Révolutionnaire toujours vive ou image figée, que reste-t-il de Louise Michel ? Avec Notre Guerre Civile, Judith Perrignon livre un portrait riche et multiple de celle qui se faisait appeler « Enjolras », comme le personnage des Misérables de Victor Hugo.
Habituée des grands portraits qu’elle présente sur France Culture, il était logique que Judith Perrignon croise la route de Louise Michel après son livre sur Victor Hugo. Les deux étaient correspondant·es et se sont rencontrés. Loin des fantasmes ou du roman national, Notre guerre civile s’intéresse a une matière très concrète ; des lettres, des rapports de police, des compte rendus de procès… L’autrice livre un triple portrait : celui de Louise Michel, bien sûr, mais aussi le portrait d’une langue, et enfin le portrait d’une recherche.
Récit composite
Chacun sait, ou se figure, comment fonctionne la recherche historique. Le travail d’historien consisterait à recouper différentes sources pour s’approcher le plus possible de la vérité des éléments. Le geste fondamental de Judith Perrignon est de ne pas invisibiliser ce travail. Notre guerre civile est un récit polyphonique, où s’entremêlent différents régimes de parole, pour essayer de fabriquer une image de Louise Michel. De l’intimité des lettres qu’elle envoyait à Victor Hugo, à la froideur bureaucratique des notes de police à son sujet, en passant par les articles de presse ; on se déplace de style en style au fil du livre.
Judith Perrignon opère ainsi un geste de sensibilité marxiste, en mettant en lumière le travail, et sa propre présence au milieu de tous ces textes. Elle refuse de faire croire à un récit unilatéral, et de laisser développer l’impression illusoire de lire une voix neutre, qui serait la voix de l’Histoire. Elle opère ainsi un choix puissant et démocratique, en laissant s’exprimer les différentes sources mais aussi en mettant l’autrice à égalité avec son lectorat.
Un compagnonnage
La présence ténue de Judith Perrignon dans le récit est remarquable. À plusieurs reprises elle fait part de ses réactions face aux différentes sources, notamment policières, ou de ses difficultés à les trouver étant donnée leur disparité. Elle reconnaîtra le fait de n’être pas historienne, et d’entreprendre un rapport parfois plus sensible qu’académique avec certains documents. Bien loin d’orienter la lecture, cette présence crée un lien d’égalité avec le·a lecteur·ice face aux textes, en partageant la sensation initiale que procure la découverte des documents. Perrignon s’assume et revendique sa sensibilité et ses orientations, elle ne prétend pas avoir un rapport neutre à ce qu’elle rapporte. Cette position, rare dans la recherche, joue beaucoup dans la clarté du récit.

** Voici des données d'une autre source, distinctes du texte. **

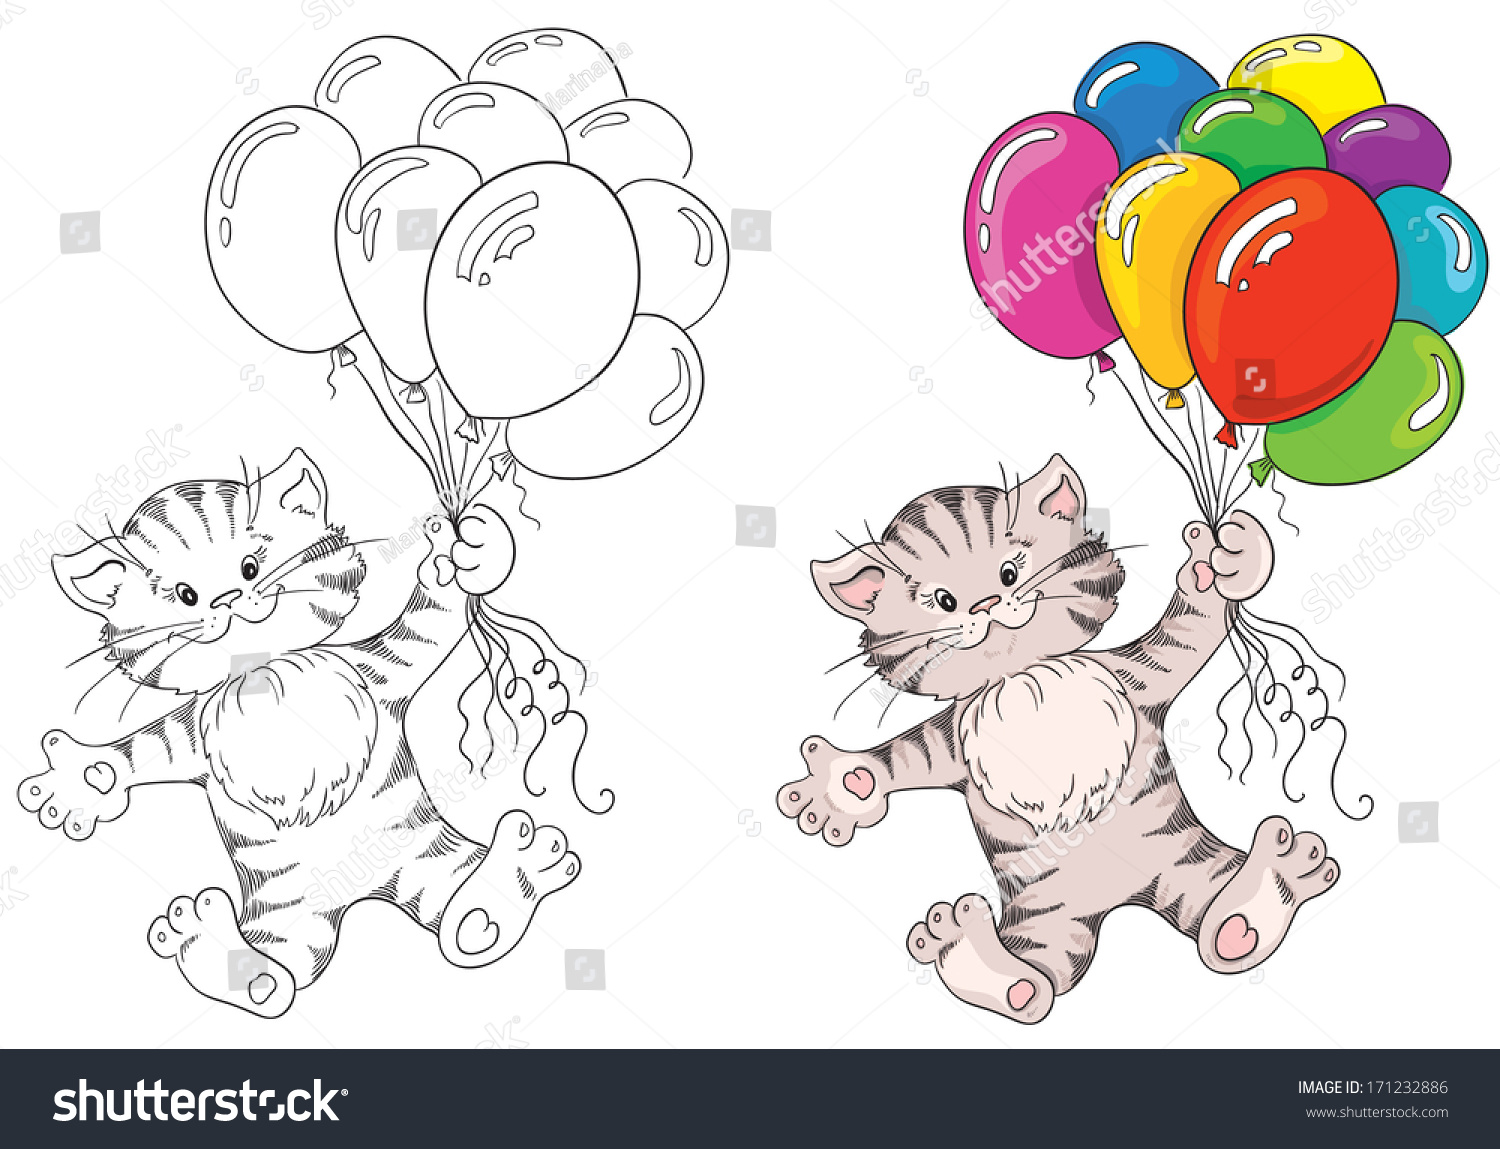 Кошка с шариками рисование средняя группа. Рисование кошка с воздушными шариками. Котенок с шариками раскраска. Кошка с воздушными шарами средняя группа рисование. Котенок с шарами раскраска.

Elle nous invite par ailleurs à explorer nous-même cette histoire, plutôt que de nous en livrer une version définitive. Cette honnêteté et cette humilité rendent légère la présence de l’autrice dans les pages ; plutôt qu’un guide professoral, un compagnon avec qui on chemine.
Loin des tombeaux
Le livre évoque, et déplore, le fait qu’après sa mort Louise Michel ait été figée en statue, par le même pouvoir qu’elle a combattu toute sa vie. Autrefois sujet vif et insaisissable – même par ses allié·es – elle est aujourd’hui une station de métro, et la Commune de Paris un lointain sujet qu’on ne commémore pas. Aussi le choix formel de Judith Perrignon prend le contrepoint de cette histoire qui neutralise la contestation en figeant ou évacuant ses figures. En faisant un récit composite, polyphonique, elle ne fige pas Louise Michel, elle la met au contraire en mouvement.
Plutôt que d’en délimiter les contours et d’en faire une biographie univoque, elle donne à voir tout ce qu’a été Louise Michel ; communarde, pétroleuse, ennemi public n°1, célébrité, institutrice, amie de Victor Hugo, amatrice de chats… Notre guerre civile redonne chair à cette figure en en faisant le sujet fuyant du livre, qui ne sera jamais tout à fait ressaisi. Cette forme est politique ; en choisissant de ne pas fixer, de ne pas conserver, de ne pas cataloguer, mais plutôt de rendre compte de l’instabilité comme symptôme de vitalité, Perrignon rend un hommage cohérent à Louise Michel. Un texte qui continue d’habiter son lecteur longtemps après l’avoir fini, et qui continue de travailler en souterrain.
Notre guerre civile, de Judith Perrignon, éditions Grasset, 20€. Le travail de Judith Perrignon sur Louise Michel est également à retrouver en podcast : Grande traversée : Louise Michel, femme tempête, de Judith Perrignon, sur France Culture.